### Dataset section
# # # # # # #
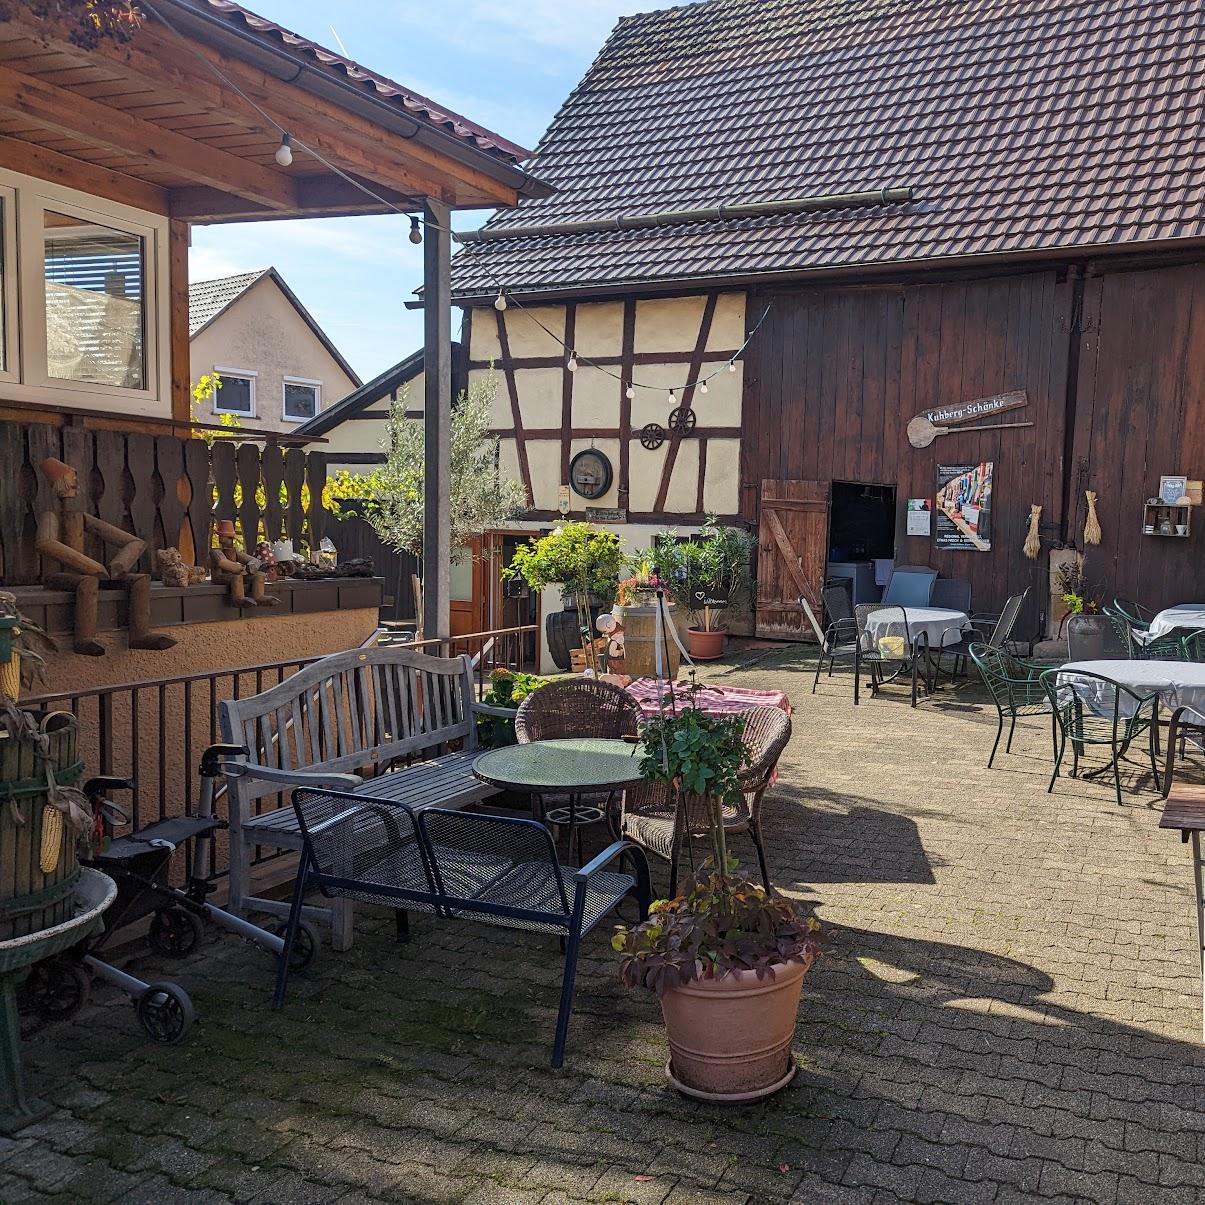 Restaurant "Kuhberg Schänke Inh. Alexander Mühlbeyer" in Gundelsheim
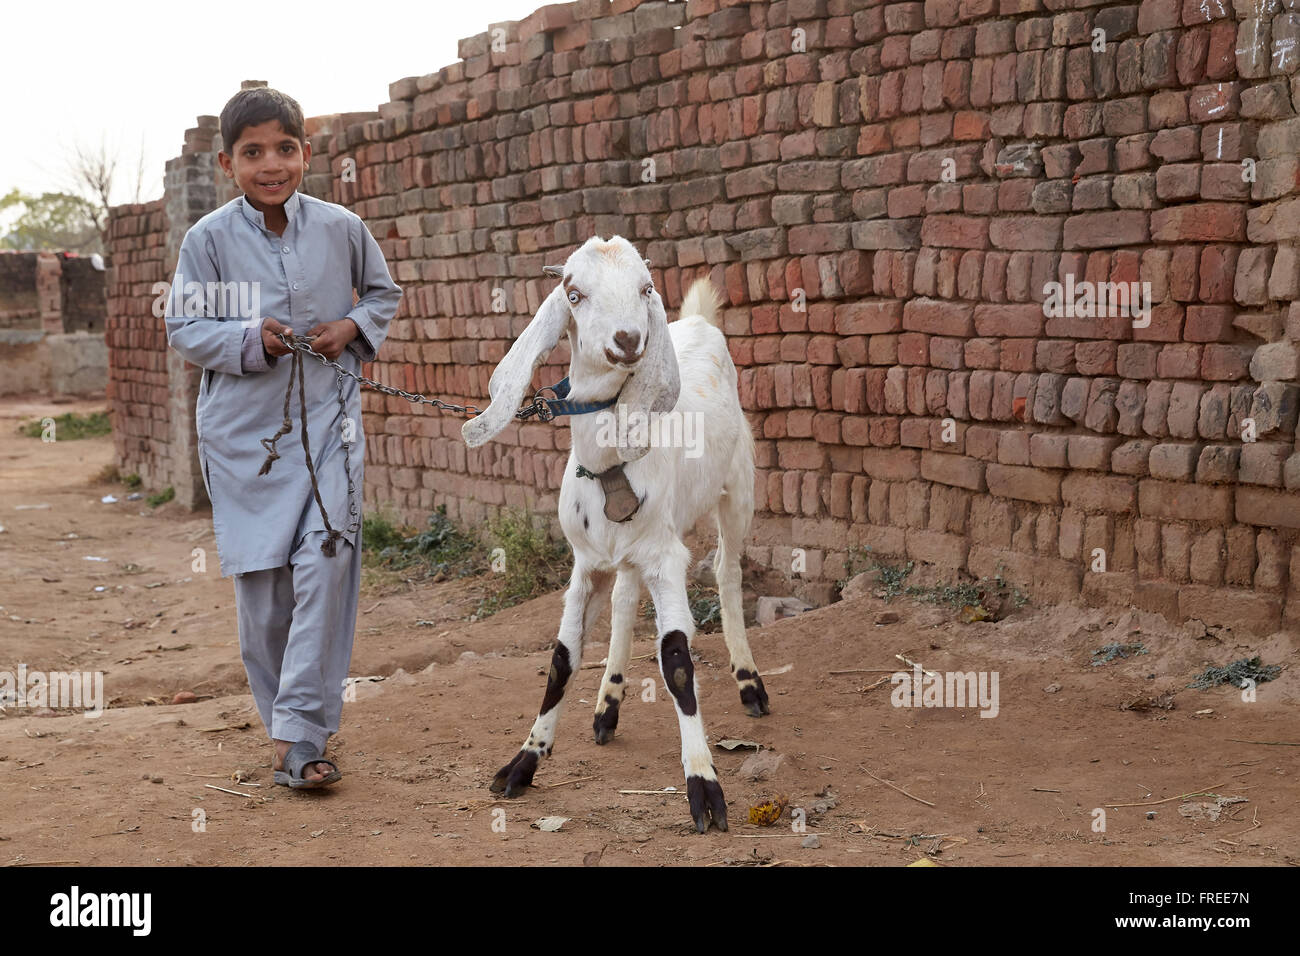 Des enfants de chèvre sur une laisse, Mahey, Pakistan Banque D'Images
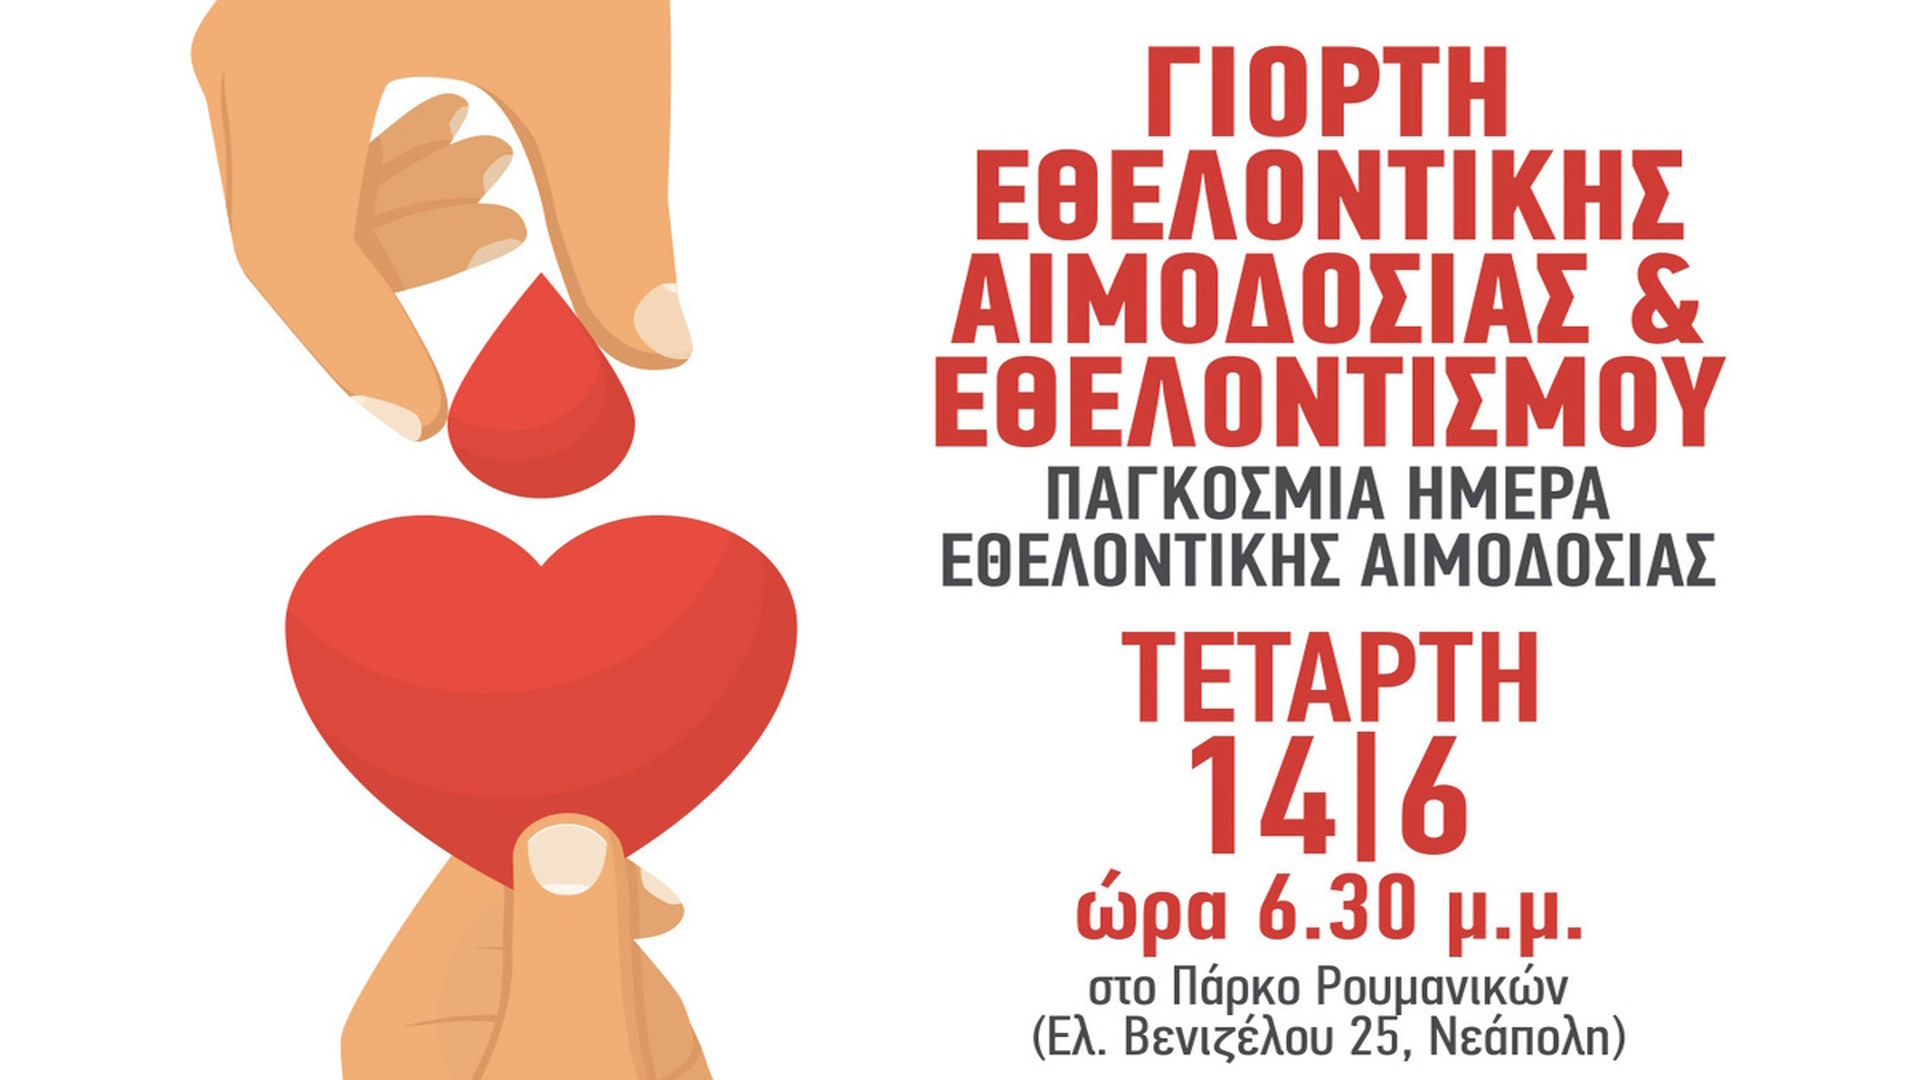 Παγκόσμια ημέρα Εθελοντή Αιμοδότη σήμερα  και ο δήμος Νεάπολης-Συκεών τη γιορτάζει  στο Πάρκο των Ρουμανικών
# # # # # # #
### Exercise directions
Reproduce, word for word, everything in the listing above except the pictures.

### Answer to this task
 Restaurant "Kuhberg Schänke Inh. Alexander Mühlbeyer" in Gundelsheim
 Des enfants de chèvre sur une laisse, Mahey, Pakistan Banque D'Images
 Παγκόσμια ημέρα Εθελοντή Αιμοδότη σήμερα  και ο δήμος Νεάπολης-Συκεών τη γιορτάζει  στο Πάρκο των Ρουμανικών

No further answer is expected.